И вдруг я остановилась: на меня глядел Котик Сараджев, и взгляд его был -- удивительным: он будто -- из тьмы -- отсутствовал. Было вполне очевидно, что Горький его не занимает нисколько. Но что-то в моем тоне привлекло его чрезвычайно: он весь впился глазами в меня. Я же, этим взглядом встревоженная (может быть, какое-нибудь изменение во мне -- тональность?..), была вышиблена из своего рассказа. Видимо, почувствовав мое состояние, он очнулся:
-- Этто оччень интересно, как вы разговаривали сейчас, -- сказал он по-детски непосредственно. -- Я думал, вы сейчас о чем-то скажете, может быть, о колоколах? Я думал: может быть, этот самый Горький написал что-нибудь о колокольном звоне? У вас было такое лицо! Я слышал, в старину были звонари, ннастоящие. Я думаю даже, что у них был слух такой, вроде моего слуха!..

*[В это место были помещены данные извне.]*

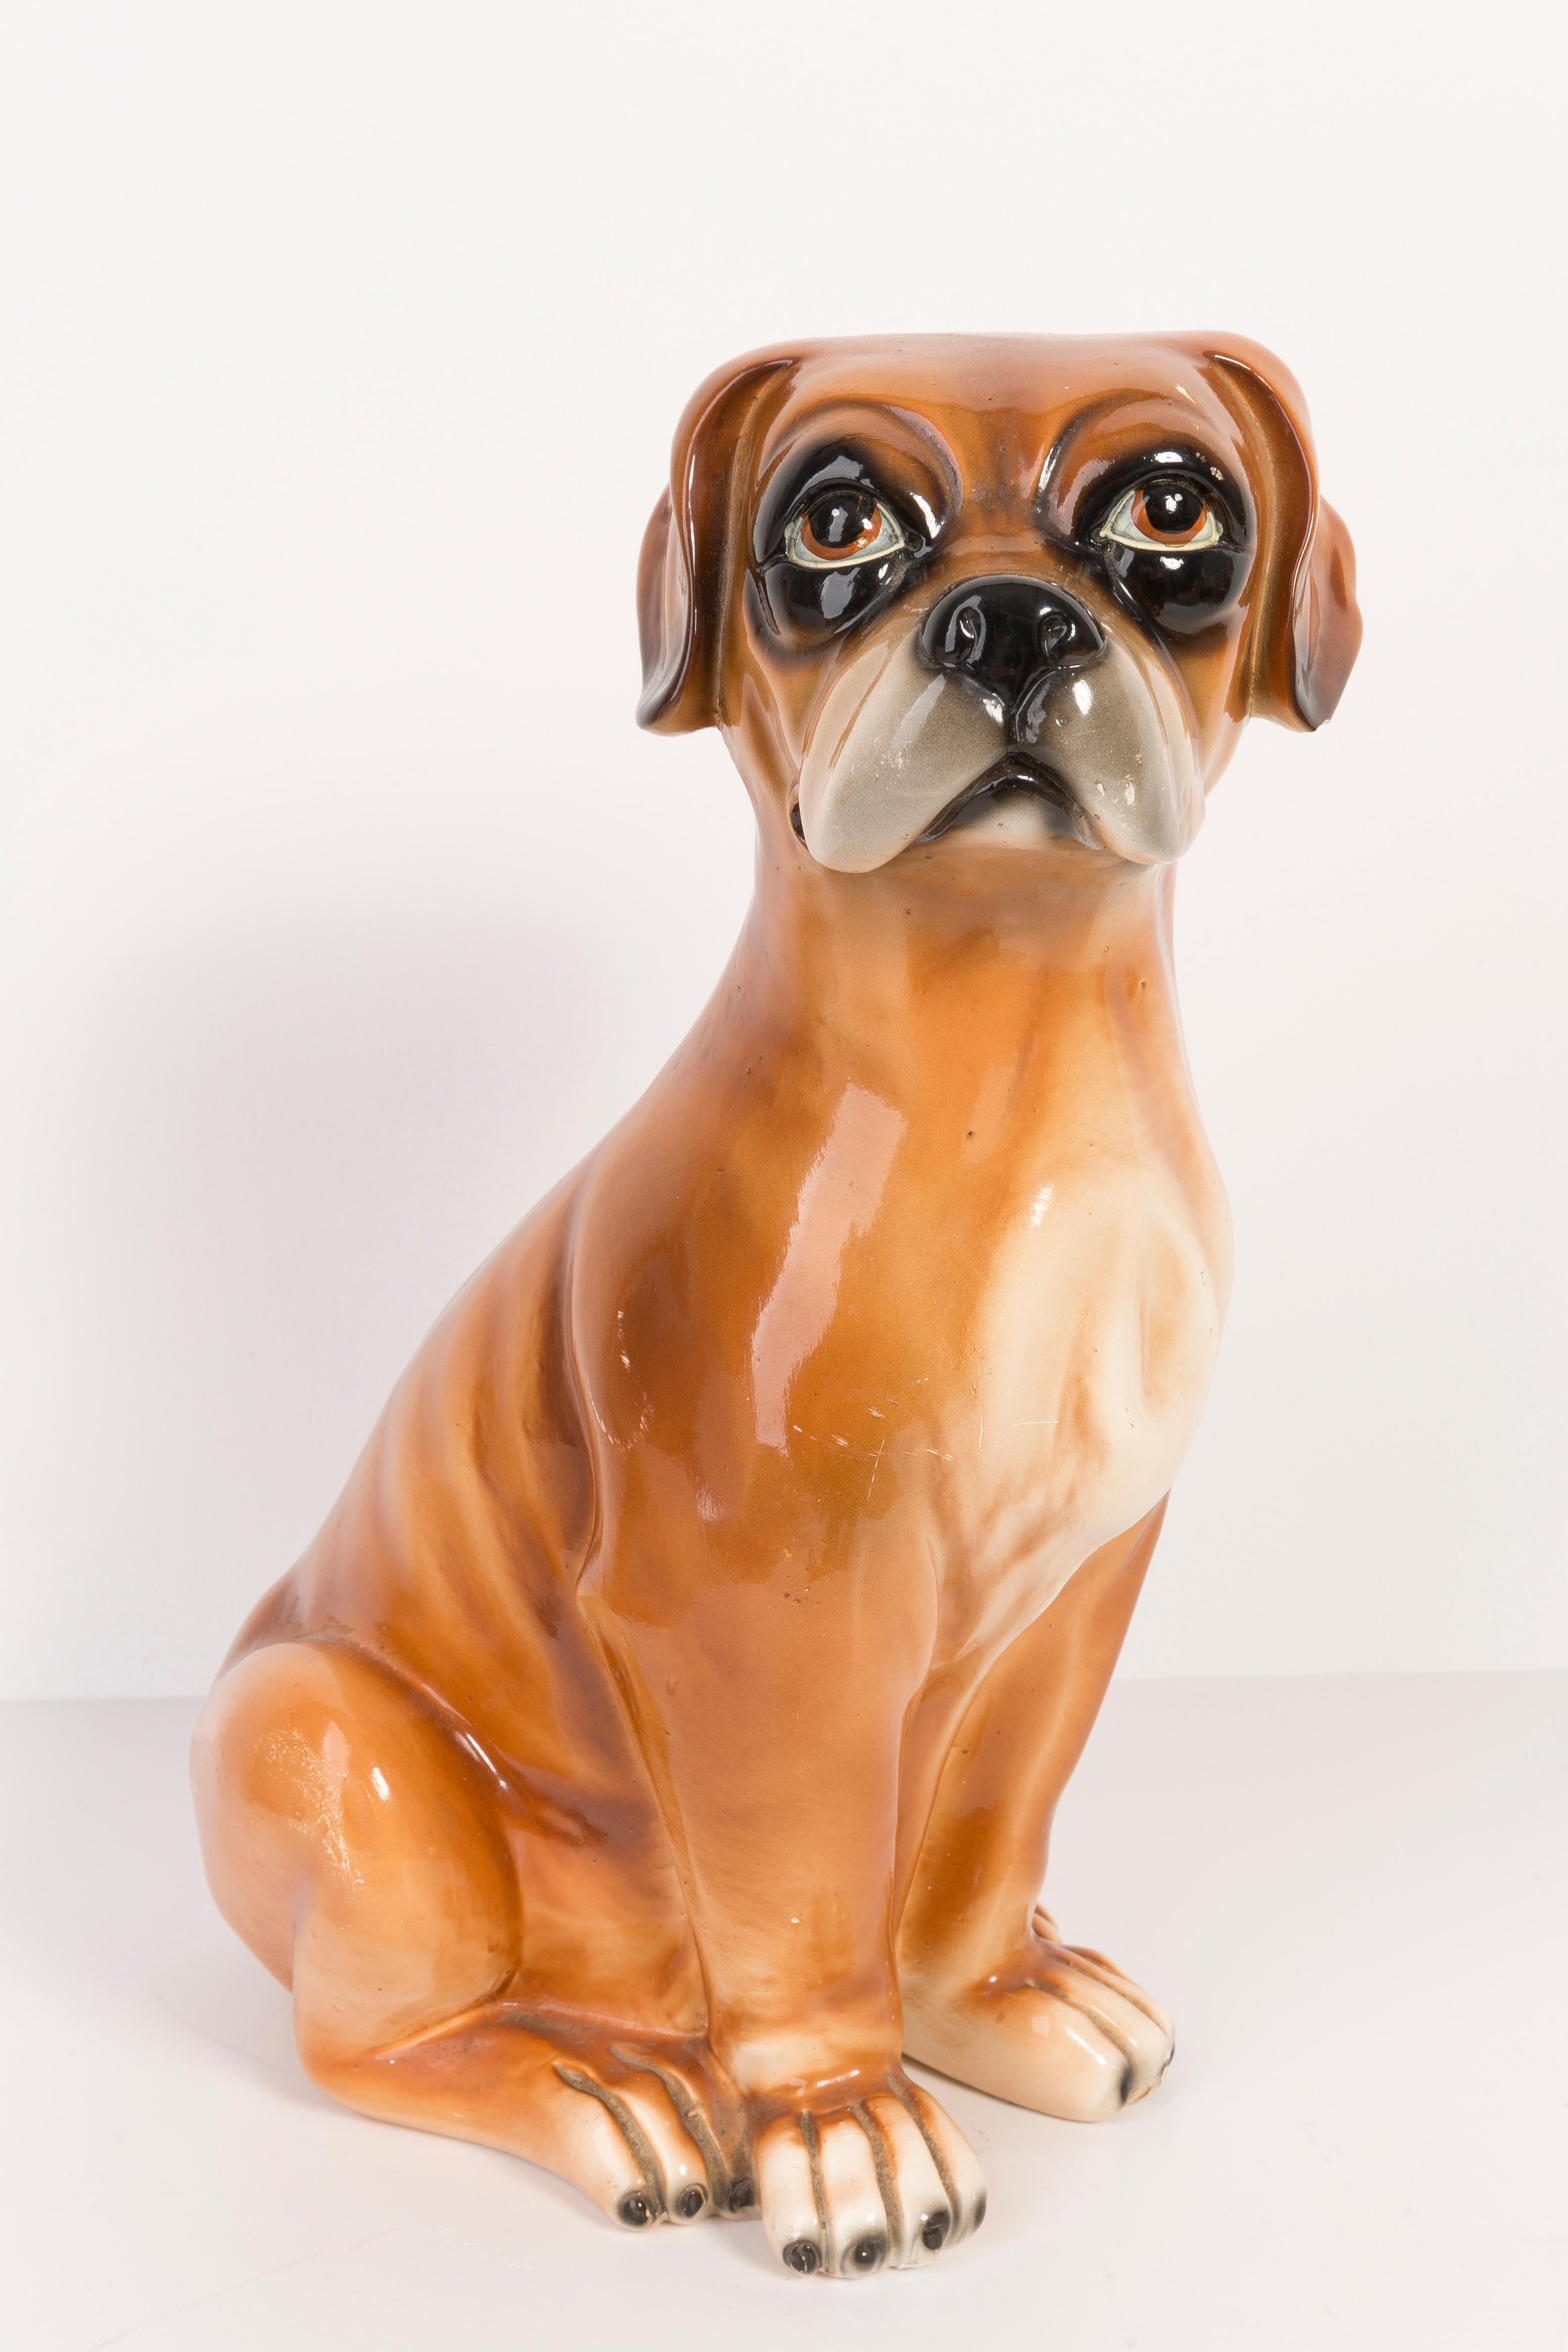 Painted ceramic/terracotta, good original vintage condition. Beautiful and unique decorative sculpture. Boxer dog was produced in 1960s in Italy.

Я, в свою очередь, не сводила глаз с Котика -- до того он был в эту минуту прекрасен! Он показался вдруг старше. ("Такой он будет лет через десять", -- мелькнуло во мне.) Но было неудобно дальше глядеть так на человека. Я обернулась к Юлечке. Ее умный, взыскательный взгляд был также обращен на гостя.
В это время приоткрылась дверь во внутренние комнаты и показался, поддерживаемый старушкой-женой, огромный и согнутый седой Иван Яковлев. Большая волосатая рука его, дрожа, уцепилась за ручку двери. Но, что-то ему говоря, его уводили, и он покорно двинулся дальше, дверь закрылась.
"Жизнь Человеческая!" -- холодом прошло по мне. Пережившая себя жизнь эта была как-то даже страшней смерти -- лишенная ее таинственного благообразия.
Я писала сестре моей Марине и Горькому о Котике Сараджеве, даря им его; ей, с детства до зрелых лет так похоже воспринимавшей каждого чем-то необычайного человека! Долг передарить его -- Марине, Горькому -- был очевиден. Я ждала от них ответа. А тут Глиэр решил начать заниматься с Котиком, так композитор был захвачен, заинтересован его игрой. Только как с ним Котик поладит? Не поздно ли уже начинать с детства брошенное ученье, в его 27 лет?